Considering HDHP Strategy From All Employees Perspectives  

Oct 28 2015

As employers look for ways to address their potential exposure to the excise tax, many have turned to high-deductible health plans as a way to create employees who are better “shoppers” for health care.

In some cases, the employer will help to mitigate the higher deductible by making a contribution to a health savings account (HSA), which is problematic in 2018 since HSA contributions are counted in the excise tax calculation, or by offering accident/critical care coverages. However, emerging experience is showing that in many cases, employees are underutilizing HSAs or are not electing the critical care coverage when they might benefit from it. Too many employees are one high-deductible event away from wiping out any savings that they have, and then some. On the other hand, some employees buy a higher level of medical coverage than they need, tying up money that might be better allocated to a 401(k) plan to build retirement savings.

We are now at a point where it is incumbent upon employers to engage their employees in health care and other benefit enrollment decisions in a way that actually results in employees’ electing the suite of benefits best aligned with their needs. Employees are overwhelmingly reporting that increases in their medical plan costs are obstructing their ability to save — not just for retirement, but for everything else. If employers are going to reduce excise tax exposure and continue to have productive, healthy employees, they need to find ways to better curate the benefits experience so that their employees are able to more easily elect the combination of programs that best support them, where they are.

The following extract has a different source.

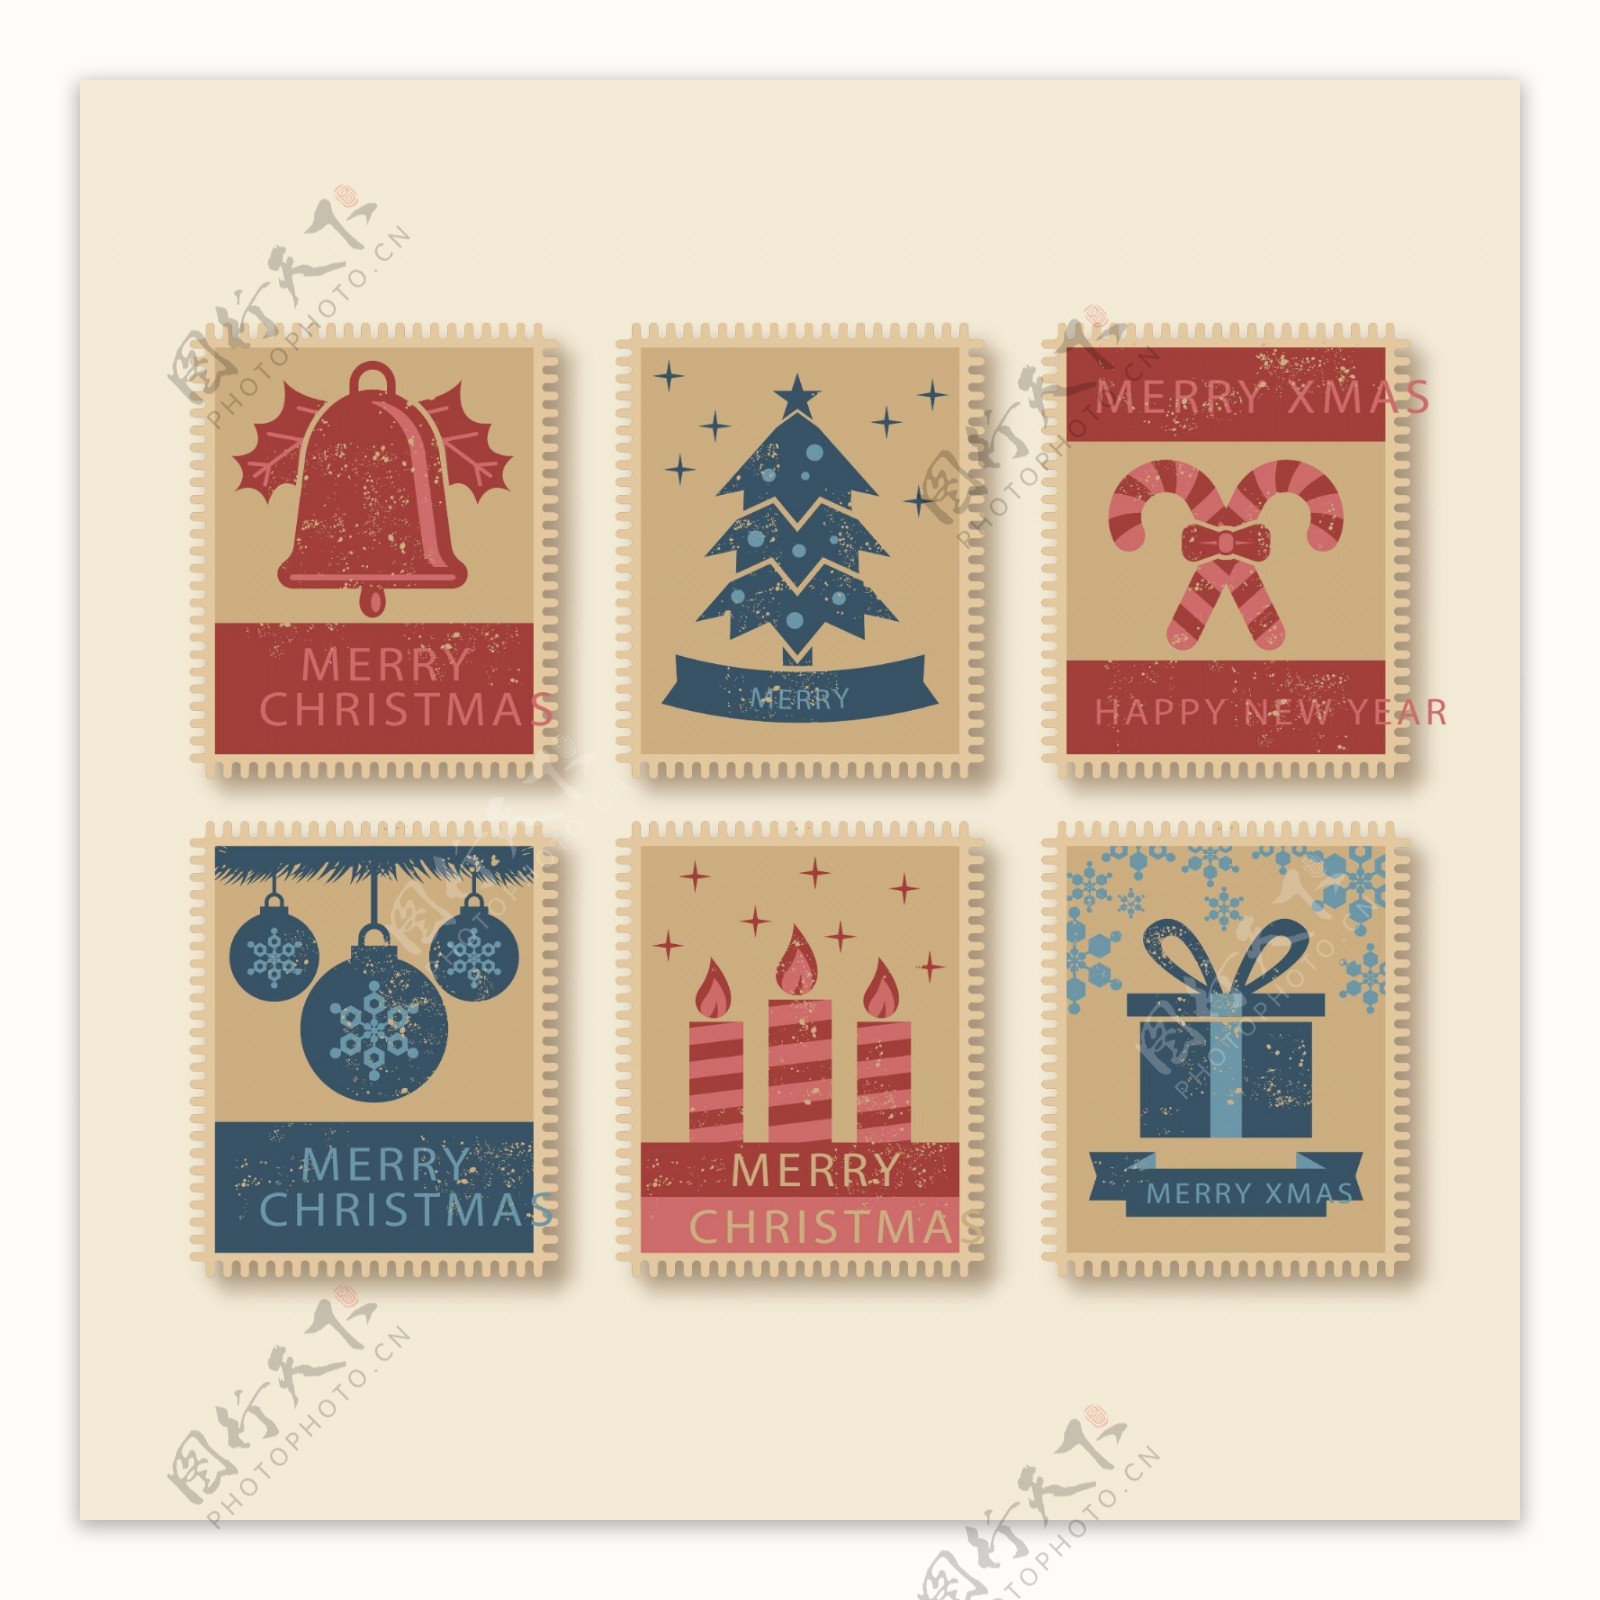 怀旧邮票样式的圣诞标签

Employers that look beyond the averages of their workforce and delve into segment-specific needs can achieve benefit utilization that is better aligned with each individual’s needs. It doesn’t need to be intrusive — you don’t have to mine all available data on the financial and/or health situation of each employee. It just means recognizing that different segments of the workforce need different types of support. And, if an employer is willing to be more directive in order to build engagement with the programs offered, employees will be able to make better choices. At the very least, some of the friction of decision making will be eliminated.